Parkinson’s disease (PD) is a widespread neurodegenerative disorder that is characterized by the degeneration of dopaminergic (DA) neurons of the midbrain [1]. Resting tremor, bradykinesia, rigidity, and postural instability are the main clinical manifestations of this disease. One of the features of PD is that its basic clinical signs appear in the late stages of the development of the neurodegenerative processes in the pars compacta of the substantia nigra, when about 60% of the DA neurons of the substantia nigra have died and dopamine levels in the striatum have decreased by 80% [2, 3]. From a genetic point of view, PD is a heterogeneous pathology. In most cases, PD is sporadic. The proportion of monogenic cases varies from 10% to 15% in different populations [4]. Intensive studies carried out over the past 15 years have revealed the involvement of a large number of different loci and genes in the development of PD [5]. Despite these advances, the molecular genetic mechanisms that trigger the development of PD remain unknown, and, in general, the picture of the etiopathogenesis of PD has still not been clarified fully. There is no doubt that mutations and single-nucleotide polymorphisms associated with the development of PD play an important role in the pathogenesis of this disease. However, in addition to violations of the structure of DNA, changes at other cellular levels, including the transcriptome level, may also play a significant role in the pathogenesis of PD.

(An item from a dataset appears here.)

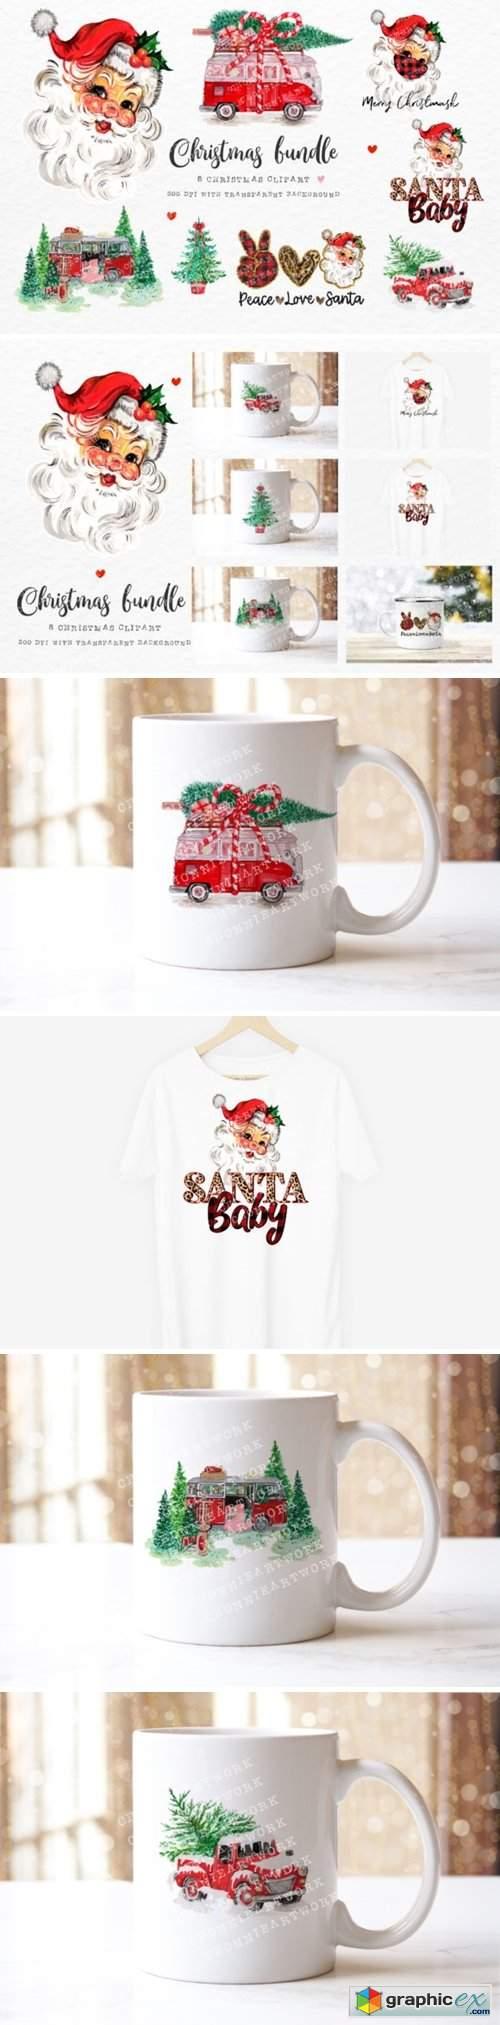 Christmas Bundle with Santa Baby

To date, several studies of transcriptome alterations have been carried out in the postmortem brains of patients with PD. The patients analyzed in those studies were in the last and most severe stages of the disease and received active medication [69]; therefore, the differences identified may be related to the medication and the presence of comorbidities in these patients. The results of the changes in the gene expression obtained in these studies may not reflect fully the processes associated with the pathogenesis of PD. Thus, it is necessary to carry out studies in patients at the earliest stages of PD, as this may lead to a better understanding of the processes involved in the development of this disorder.

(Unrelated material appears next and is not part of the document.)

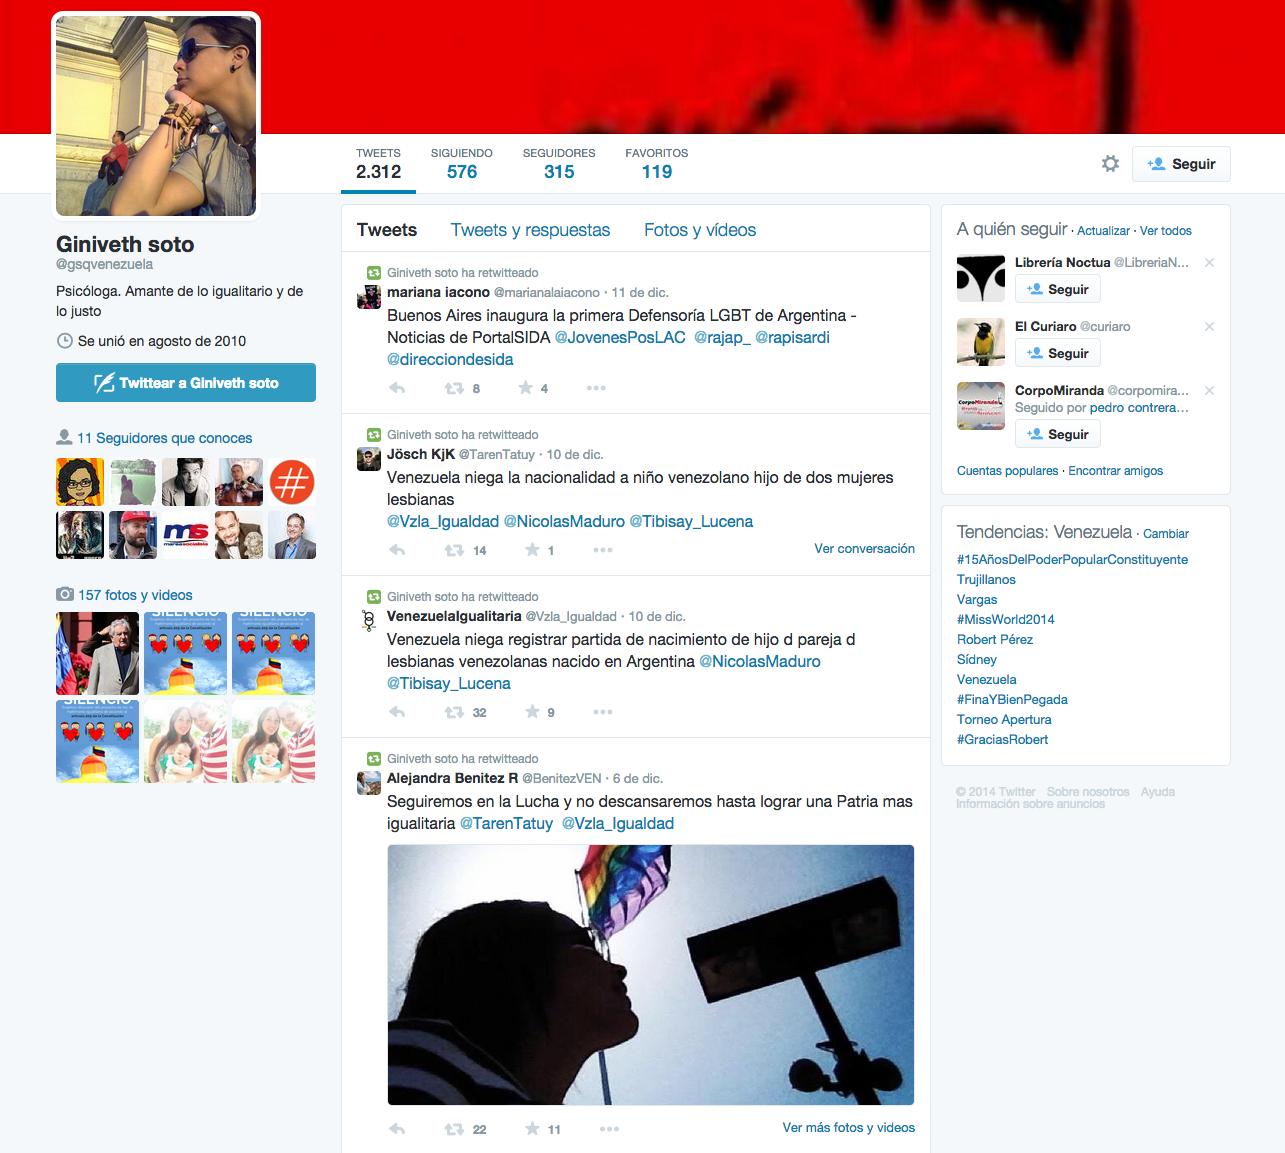 Captura de pantalla 2014-12-15 a la(s) 11.20.24

Because it is very difficult to study endogenous processes that occur directly in the brain of patients with PD during the early symptomatic stages, one of the main approaches that is used to bypass such difficulties is the investigation of changes in gene expression in the fraction of peripheral blood lymphocytes. These cells have several features that are specific to DA neurons, for example, as they produce dopamine receptors and enzymes involved in the synthesis of dopamine [1013]. Recently, it was shown that several noncoding RNAs change their expression in leucocytes of patients with PD after deep brain stimulation treatment [13, 14]. Furthermore, various studies of changes in gene expression analyses in the peripheral blood of patients with PD have been carried out [1521]. It was revealed that nine genes (VDR, HIP2, CLTB, FPRL2, CA12, CEACAM4, ACRV1, UTX, and SRRM2) exhibited changed expression in the blood of patients with PD [16, 22]. Although the results of these studies are of great interest, the patients analyzed therein were in advanced stages of PD (stages 2–4 of the Hoehn-Yahr scale), and, in most cases, were receiving drug therapy. To avoid errors in the interpretation of the results of expression profile analyses, it is necessary to compare the data from groups of treated and untreated patients at the early stages of PD (stages 1-2 of the Hoehn-Yahr scale).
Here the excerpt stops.